計画はどこで中断されているのでしょうか

現在、田ノ浦湾は埋め立てられることなく工事が中断しています。そこで、全体の上関原発計画において、現在がどの段階にあるのかを確認してみたいと思います。

現段階は、原子炉の設置許可申請を政府へ提出済みであり、その許可を待っているという状況です。福島第一原発事故後、経産省による審査は止まっています。
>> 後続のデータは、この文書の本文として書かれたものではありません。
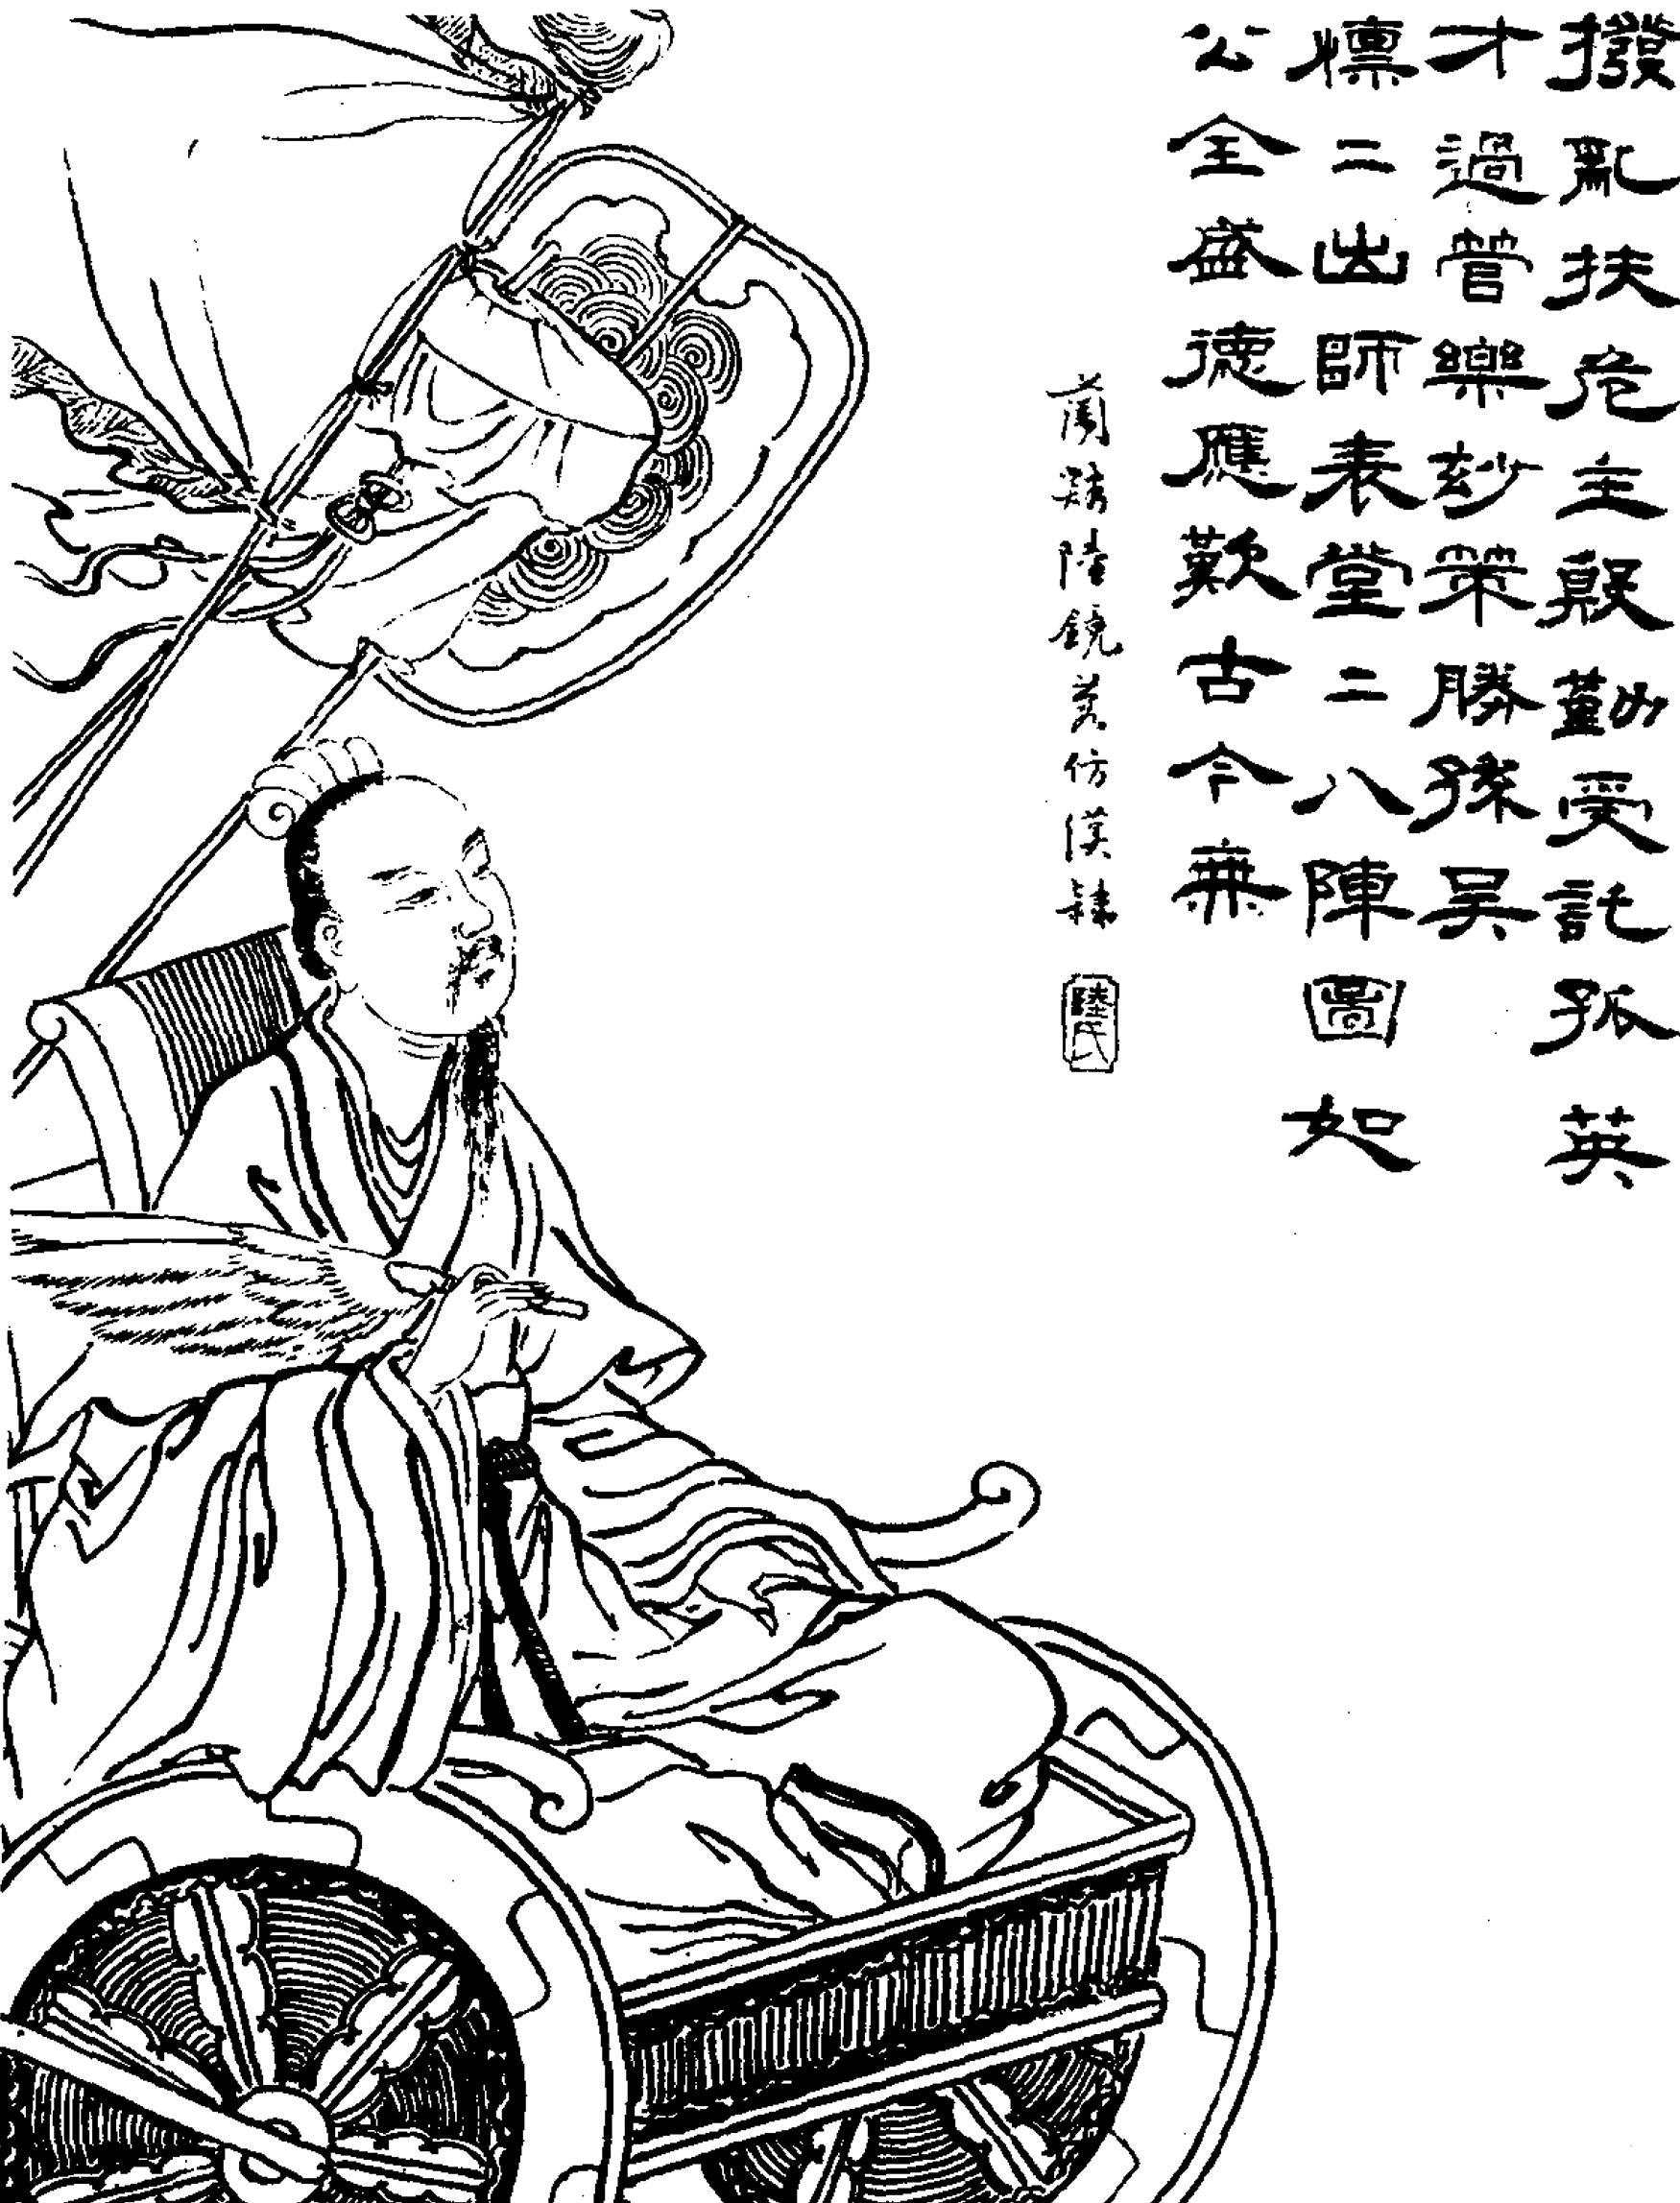 Zhuge Liang 諸葛亮 | Gongjin's...

 これまでは、「地点選定」という段階で、主として”調査”だったので、工事の進捗率は実質0%ということは中電も認めているようです。しかし、原子炉設置許可が下り、工事計画が認可されると本格的な工事が始まります。今はその一歩手前まで来ているということになります。
 ただし、上関原発の場合はその原子炉本体の建設に着手する前に、田ノ浦湾周辺の埋め立て工事が必要となります。そのため、中国電力は2008年6月にに山口県に対し、「公有水面埋立免許願書」を提出し、同年10月22日に免許の交付を受けています。
この免許は、1年以内に工事に着工し、着工から3年以内に工事を完了させなければならないとされています。なんとか”着工”にこぎつけたい中国電力は2009年9月に工事海域を示す灯浮標(ブイ)を設置しようとしますが、祝島島民とその支援者であるシーカヤックの若者たちの阻止行動によって設置できないでいました。しかし、10月7日、灯浮標2基を祝島から見えない位置に投下し、即日、それを埋め立て工事着工として県に届け出ています。それからは、埋め立て工事を急ぐために大規模な人員を動員する電力会社とそれを阻止しようとする祝島島民とその支援者との攻防が田の浦の現場で展開されることになりました。2011年に入って、中電が過去最大の動員をかけて工事を強行しようとし、それに抵抗する祝島の人々が疲弊の極みに達しようとしていた矢先の2011年3月11日、東日本大震災と福島第一原発事故が起き、田ノ浦の工事は中断されて現在に至っています。

  埋め立て免許については、その期限が切れる直前の2012年10月、中国電力から免許の3年間延長申請が提出されました。当時の山本知事は判断を先送りし、2016年8月4日、後任の村岡知事は、本体着工のめどがつかない段階での埋め立てはしないよう電力会社に要請しつつ、免許の延長を認めて現在に至っています。
もし、国の原子炉設置許可が下りれば、ただちにまた埋め立て工事を再開する可能性は十分あります。中電は埋め立て工事着工をにらんで現場に至るまでの道路を整備し、トンネルも造って着々と準備を進めています。この免許の期限が切れる2019年には何かの動きがあるかもしれません。